New approaches to vaccines are urgently needed for many viruses including HIV and herpes simplex. Dermal vaccination appears increasingly promising as the dense network of immune cells in the skin, especially dendritic cells (DC), allows for enhanced immune responses and the opportunity to tailor vaccine responses by targeting specific subsets for activation.
A macaque model for skin vaccination will be valuable for dissecting the immune response to novel vaccines, incorporating both resident and migratory immune cells and may be critical for HIV challenge studies, where no small animal model of infection is available. In order to adapt delivery devices and vaccine formulations for such trials, we need to understand the immune cell composition of macaque skin. Macaque blood DCs are similar in phenotype and function to humans but we know very little about their skin.

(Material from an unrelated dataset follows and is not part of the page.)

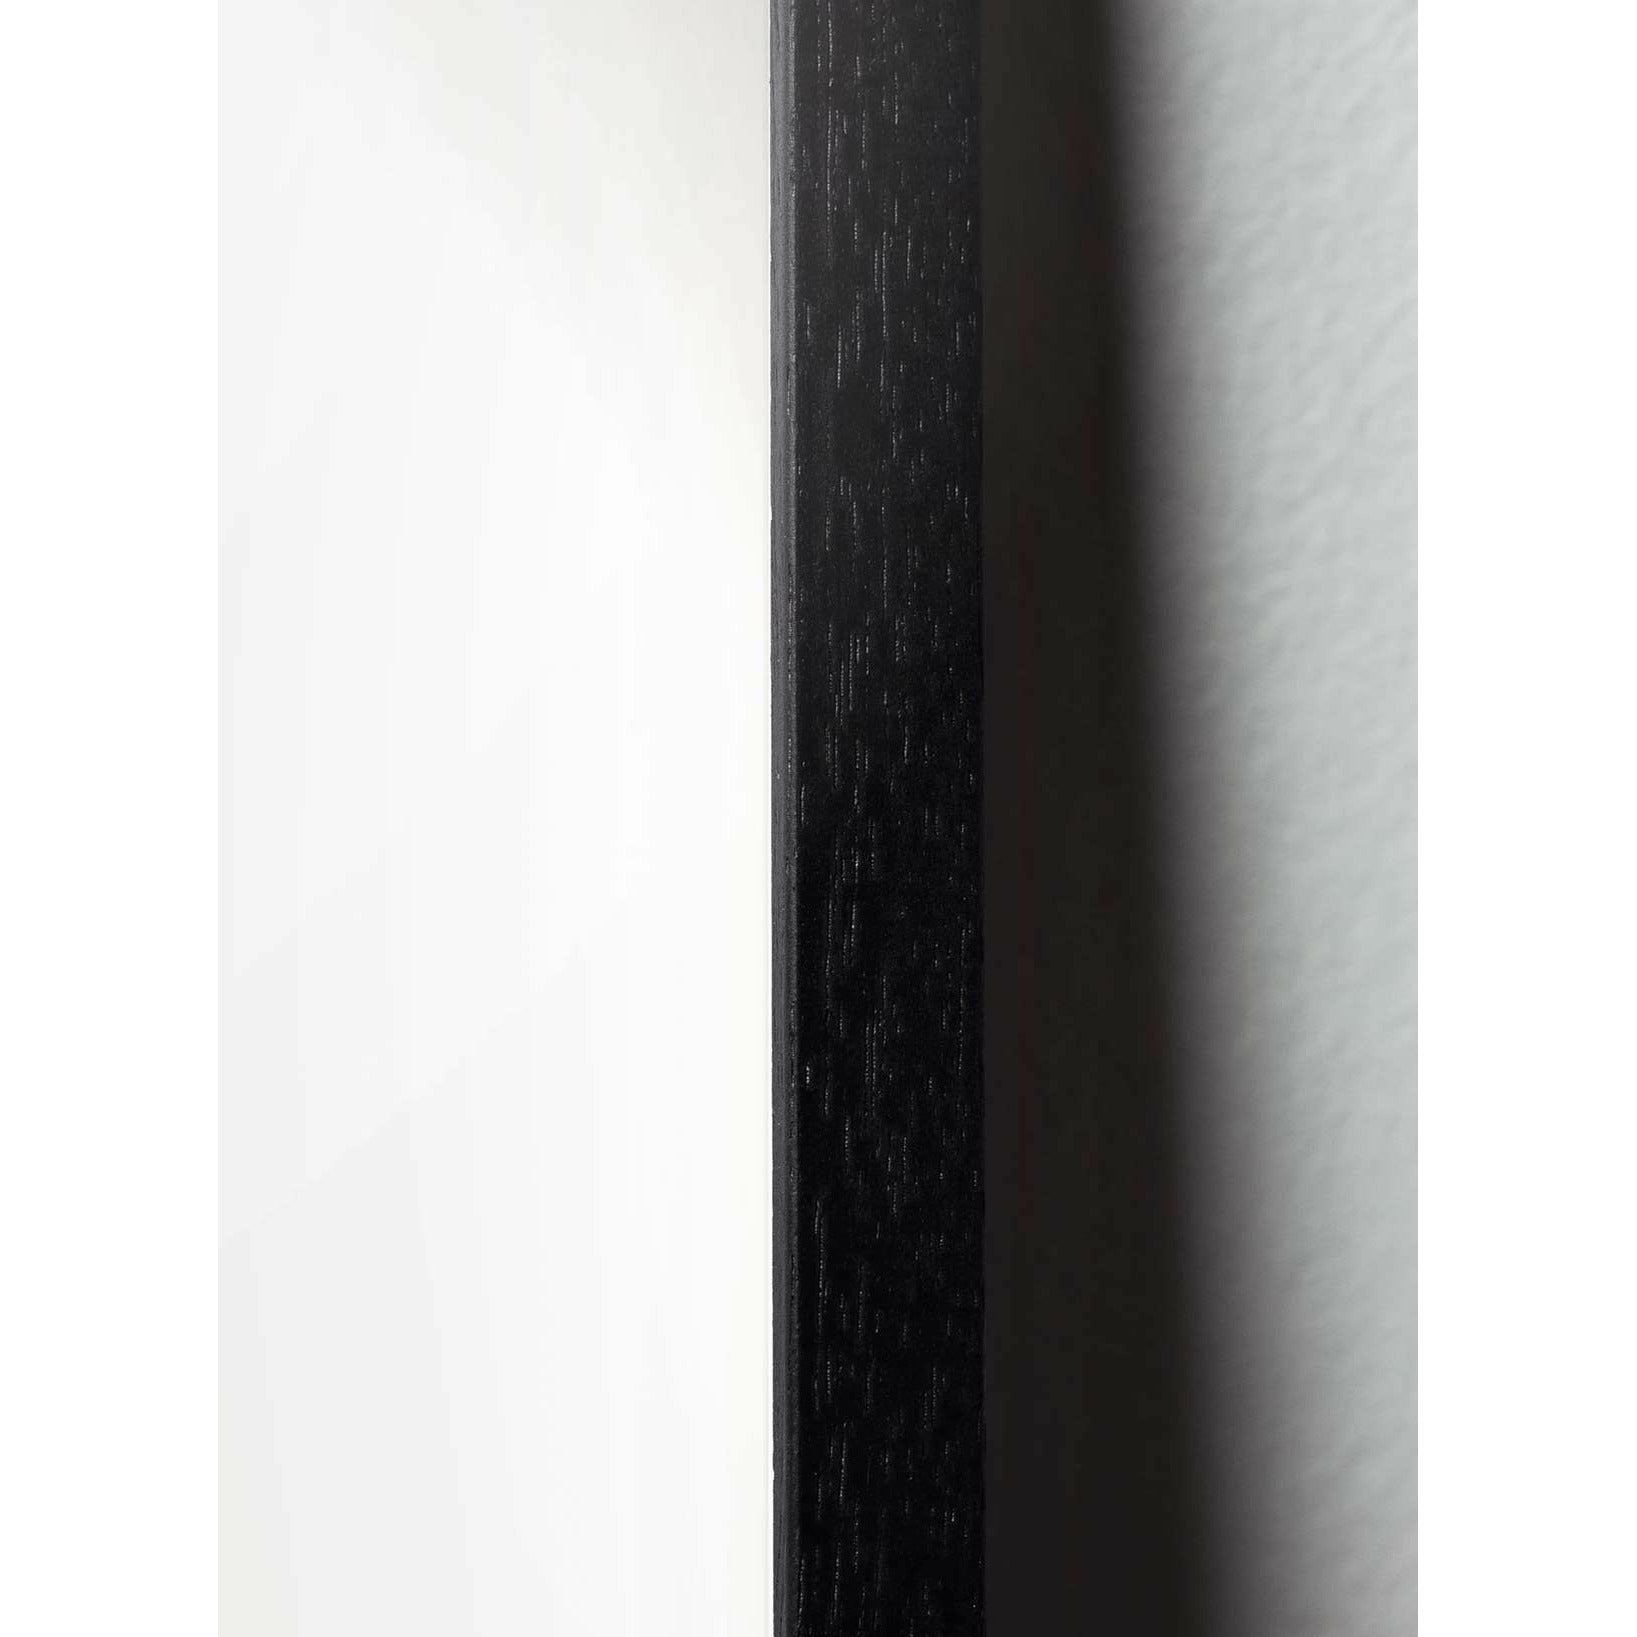 Brainchild Swan Line Poster, Rahmen aus schwarz lackiertem Holz 50x70 cm, weißer Hintergrund

We are comparing biopsies of healthy skin from pigtail macaques and humans and enumerating immune cell populations using fluorescence microscopy. We found that the epidermis of macaque skin was thinner than human abdominal skin but there were equivalent numbers of Langerhans cells. In the macaque dermis we can identify two of three human myeloid DC subsets - CD1a+, CD14+ but not CD141+. While the macaque equivalent of CD141+ cross-presenting DCs has been identified in blood using XCR1 and CADM1, we found expression of these molecules in human skin was not restricted to CD141+ cells. We found rare langerin+ CD11c+ myeloid cells in the dermis of humans but marked numbers in macaques. Further investigation will confirm whether these are the equivalent of dermal resident langerin+ DCs recently confirmed in humans although the functional features of this subset are unknown
These results will help inform design of delivery devices targeting vaccines to the dermo-epidermal junction and specific DC subsets in the skin, for testing in macaque models.